Мы упорно продолжали работать, но не могли закрывать глаз на то, что вероятность зимовки сильно возросла. Надо было [37] подготовиться к ней. Мы уменьшили расход топлива и начали постепенно переводить пароход на зимовочное положение. Очень важно было уменьшить число зимующих, чтобы разместиться в меньшем объеме, выключить часть помещений и тем самым сэкономить больше угля. Уголь был необходим на случай, если бы в будущем году, после зимовки, «Челюскину» пришлось бороться со льдами, прежде чем войти в Берингов пролив.
1 октября 1933 года у «Челюскина» неожиданно появились чукчи, прибывшие на собаках с берега (около 25 километров). Я воспользовался этим случаем, чтобы вместе с метеорологом Н. Комовым, знавшим чукотский язык, поехать на берег. Там мы договорились об отправке части нашего состава на собаках на берег и далее по берегу к Берингову проливу, где у мыса Дежнева их мог бы принять ледорез «Литке».
К сожалению, удалось получить только четыре упряжки, так как в этом районе население чрезвычайно редкое. Отправляя первую партию, я имел в виду при их помощи завязать связь с чукотскими селениями, расположенными на восток от губы, чтобы получить больше нарт с собаками и продолжать разгрузку парохода. Этой первой партии предстояло пройти около 30–35 километров по льду через залив Колючинской губы к мысу Джинретлен и больше 300 километров по материку.
Хотя перед отправкой «Челюскина» был произведен медицинский осмотр состава, но, естественно, в столь большом коллективе под конец оказалось несколько больных.
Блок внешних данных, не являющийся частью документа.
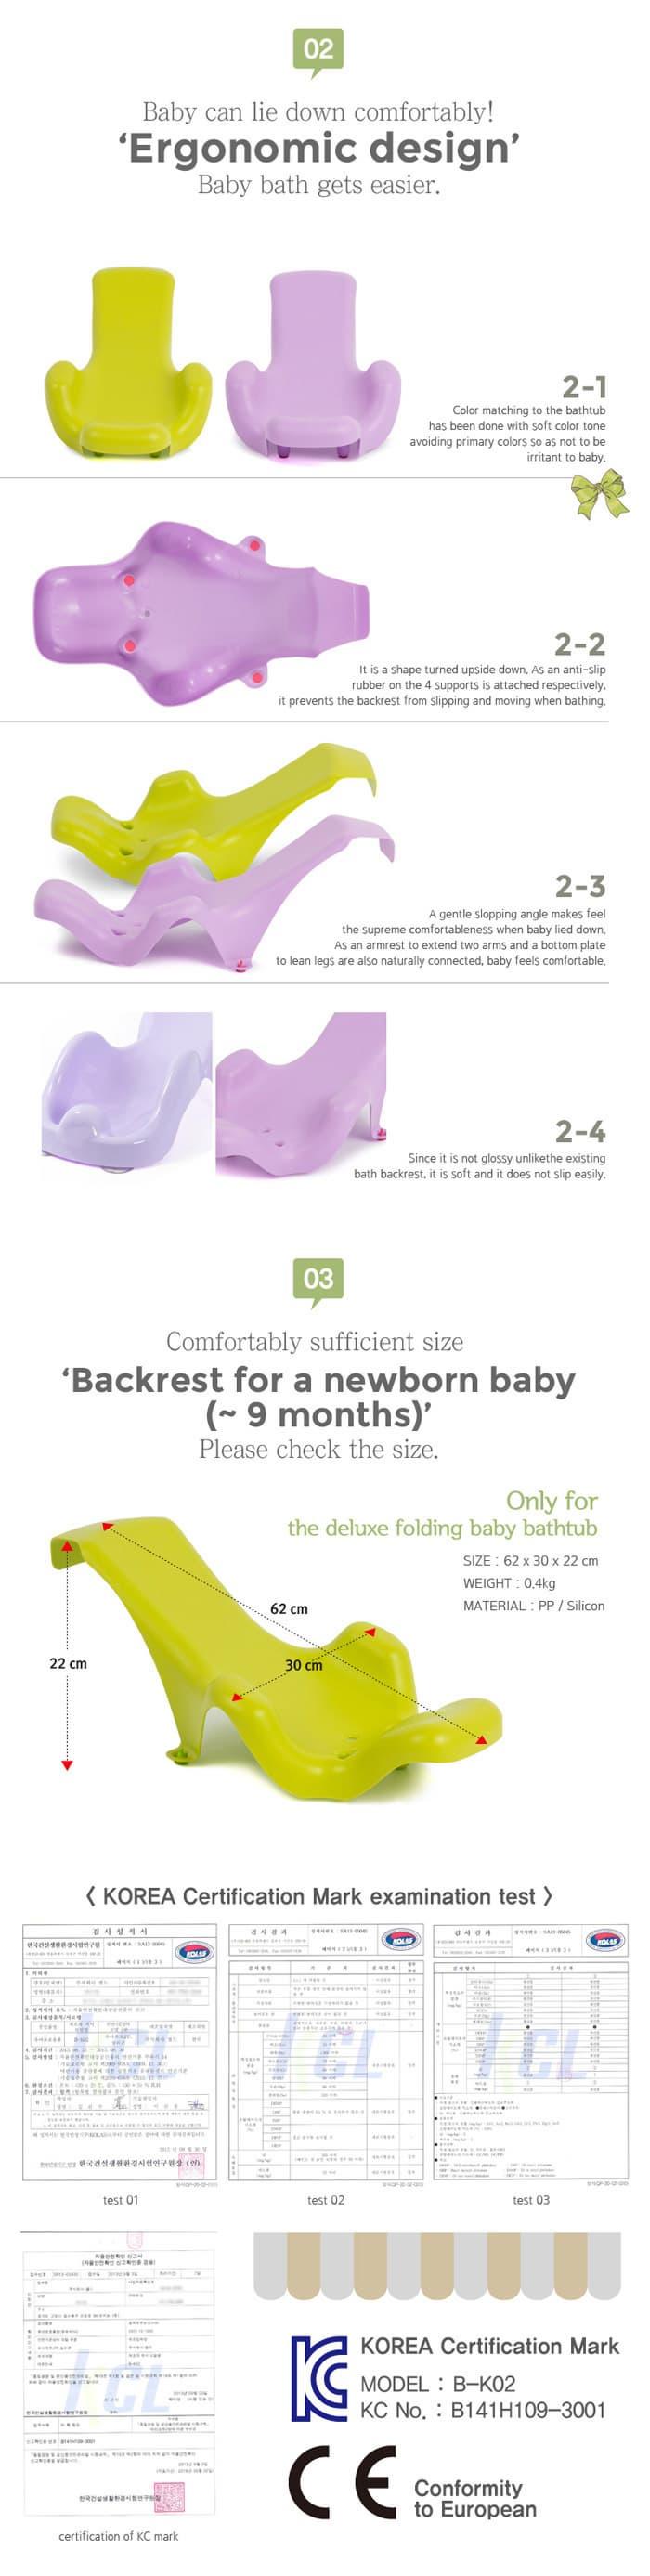 02-Baby-Lay-Back-Bath-Seat-003.jpg

Было заманчиво их отправить в первую очередь, но при наличии только четырех упряжек я мог отправить только одного больного, остальные же нарты приходилось загружать продовольствием, кормом для собак и палатками. Я решил отправить больного кочегара Данилкина, а с ним врача и еще шесть человек. Последних приходилось выбирать уже не из больных, а, наоборот, из наиболее выносливых людей, так как им предстояло итти пешком. Я выбрал тех из наших работников, которые были связаны основной службой с Москвой или Ленинградом. Отплывая в поход, я обязался перед их учреждениями вернуть этих людей в первую очередь в случае задержки «Челюскина». Руководство этой небольшой, но трудной экспедицией я поручил моему секретарю т. Муханову, имевшему уже порядочный опыт полярных экспедиций. 3 октября пешая партия отправилась на берег. Преодолев трудный путь, она благополучно достигла Уэллена, где была принята на борт «Литке». Этот же путь — только большей [38] протяженности — впоследствии проделали многие челюскинцы после их спасения аэропланами, отправившись пешком в сопровождении собачьих нарт с провизией из Ванкарема в Уэллен.
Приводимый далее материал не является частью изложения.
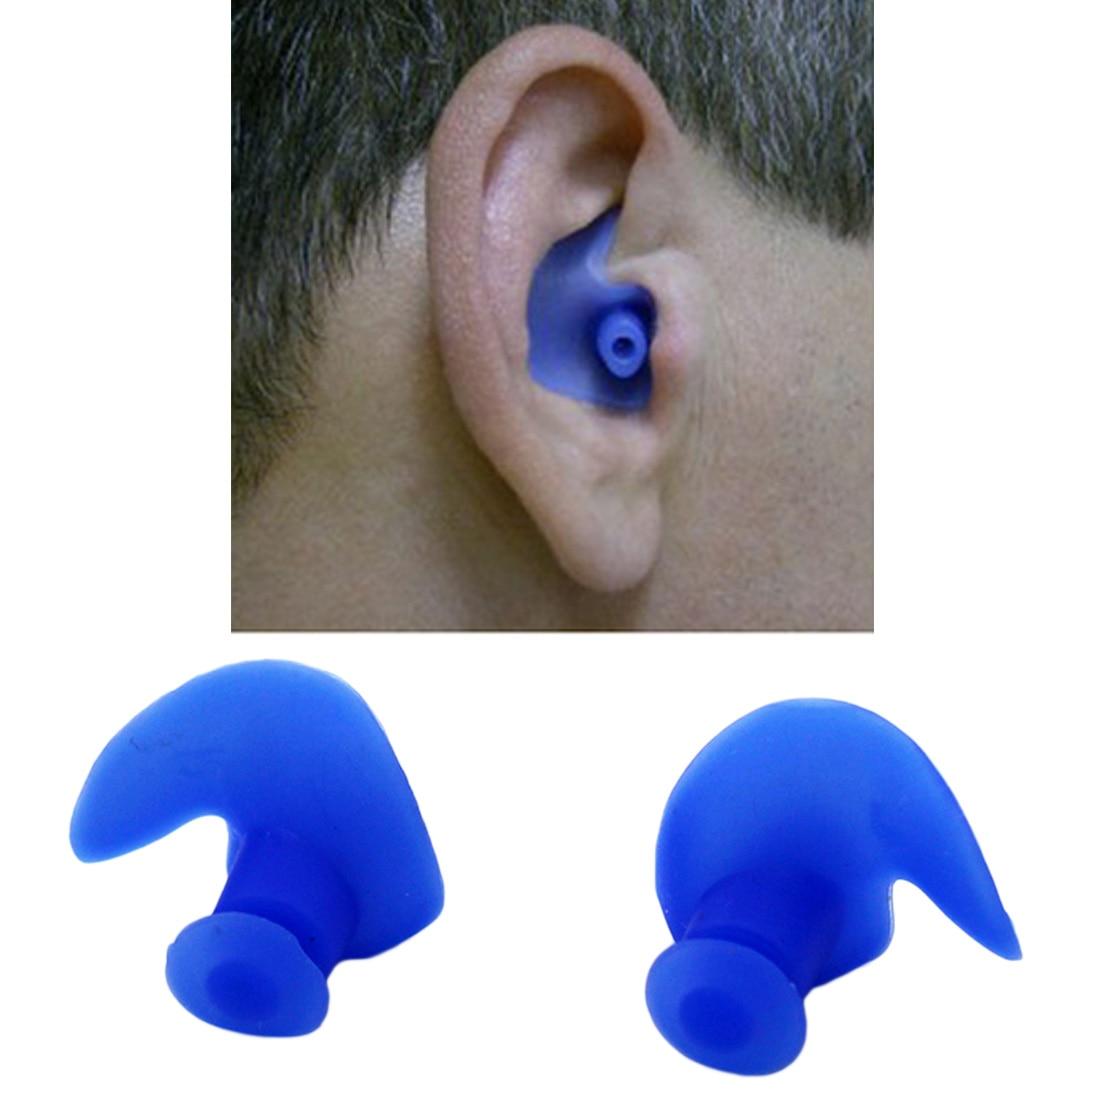 zwembad Swimming Earplugs Professional Silicone Swim Earplugs Adult Swimmers Children Diving Soft Anti-Noise Ear Plug

Стало на восемь человек меньше. Продолжить эвакуацию не пришлось, так как 5 октября ветер переменился и наши авральные работы дали результат: трещина прошла как раз через место наших обколочных и взрывных работ у борта парохода. Обстановка изменилась настолько быстро, что люди с трудом успели взобраться на пароход и спасти рабочий инструмент. Мы двинулись дальше в бурном и радостном подъеме. Но своим ходом далеко итти не пришлось… Лед снова сдавил «Челюскина». Начался дрейф.
Берингов пролив
Дрейф кружил наш пароход. Несколько раз мы проносились мимо мыса Сердце-Камень и снова отодвигались назад или на север. Иногда у берега открывалась полоса воды. У мыса Джинретлен мы оказались уже впереди пароходов «Свердловск» и «Лейтенант Шмидт». С этими пароходами мы ежедневно обменивались радиосообщениями и советами. Я настойчиво предлагал им не становиться на зимовку, т. е. не разбирать машины, а ждать благоприятного изменения обстановки, которая еще может наступить.